- Promotional poster
- Directed by: Ben Taylor
- Screenplay by: Jack Thorne
- Story by: Rachel Mason; Emma Gordon; Shaun Topp;
- Produced by: Finola Dwyer; Amanda Posey;
- Starring: Bill Nighy; Thomasin McKenzie; James Norton;
- Cinematography: Jamie Cairney
- Edited by: David Webb
- Music by: Steven Price
- Production companies: Wildgaze; Pathé;
- Distributed by: Netflix
- Release dates: 15 October 2024 (BFI); 15 November 2024 (United Kingdom); 22 November 2024 (Netflix);
- Running time: 115 minutes
- Country: United Kingdom
- Language: English

= Joy (2024 film) =

British biographical drama film

Joy is a 2024 British biographical drama film starring Bill Nighy, Thomasin McKenzie and James Norton. Directed by Ben Taylor from a screenplay by Jack Thorne, it is the true story of the world's first in vitro fertilisation baby Louise Brown. It was produced by Wildgaze and Pathé for Netflix. Based on real events in the 1960s and 1970s, nurse and embryologist Jean Purdy, visionary scientist Dr Robert Edwards and innovative surgeon Patrick Steptoe work to develop the first 'test tube baby'. The film was released on Netflix worldwide on 22 November 2024.

==Plot==

In 1968, Nurse Jean Purdy gets hired at the University of Cambridge for a lab manager post, by scientist Dr Robert Edwards.
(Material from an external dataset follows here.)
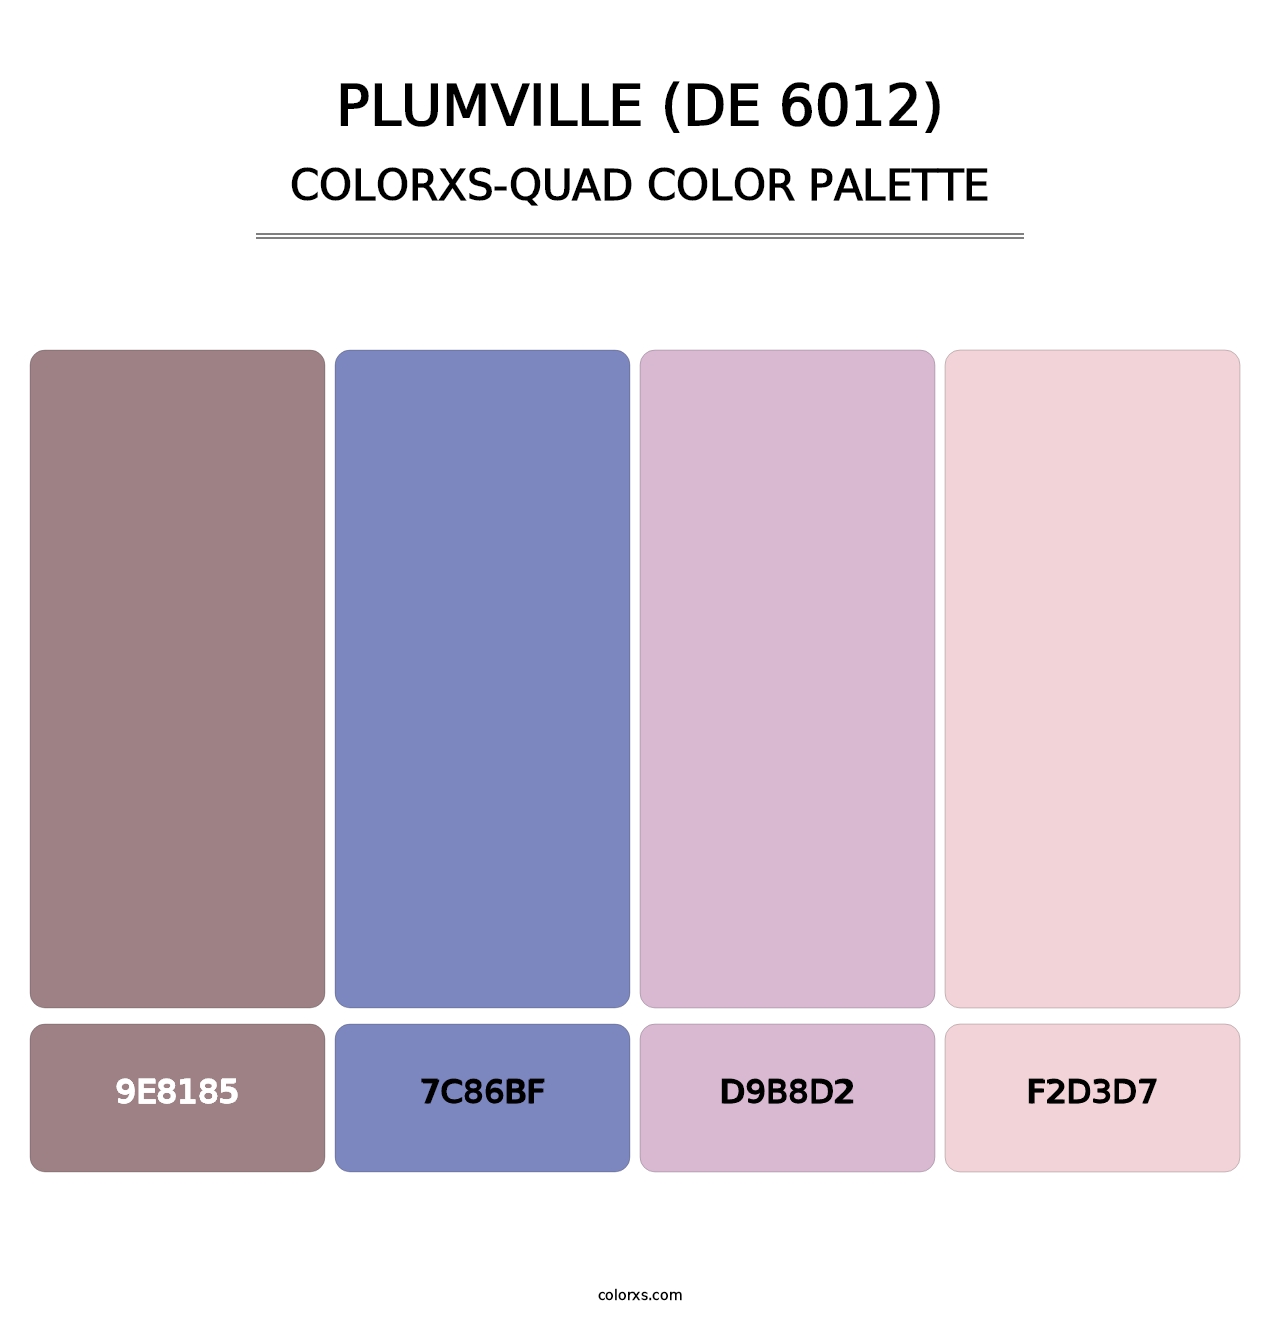 Plumville (DE 6012) - Colorxs Quad Palette

Together, they recruit innovative obstetrician and surgeon Patrick Steptoe to join them in reproduction research, in an effort to combat infertility in women. Robert hopes to create a procedure which develops into in vitro fertilisation. Patrick reminds them that the government, church and everyone will oppose them.

Jean and her mother are shown to be regular churchgoers. They have a close relationship with their vicar Reverend Paulson, actively volunteering to help.

As the team have little funding, Jean and Robert must commute to Oldham four hours daily. He explains how they have been working with small rodents with some success. They fertilise their first human ovulo the next year. As they progress, The Daily Mirror is soon calling Robert "Dr. Frankenstein".

Word spreads, and soon Jean's mother confronts her, insisting that the research they are doing is playing God. Reverend Paulson soon asks her not to attend his services. Her mum then proceeds to tell her to not visit her if she continues her work.

Jean spends a time moody, upset by being shut out by her community and her mum. Matron Muriel calls her out for her cool treatment of the women participating in their study. Being a Christian, Jean disapproves of Patrick performing abortions. The matron points out their goal is to give women a choice, a safe one.

Opponents to their research claim a greater risk of abnormalities, and also fear future creation of humans artificially as mad scientists. Each of the researchers feels strain on their personal relationships. When the participants point out her impersonal treatment of them, Jean begins to interact more personally.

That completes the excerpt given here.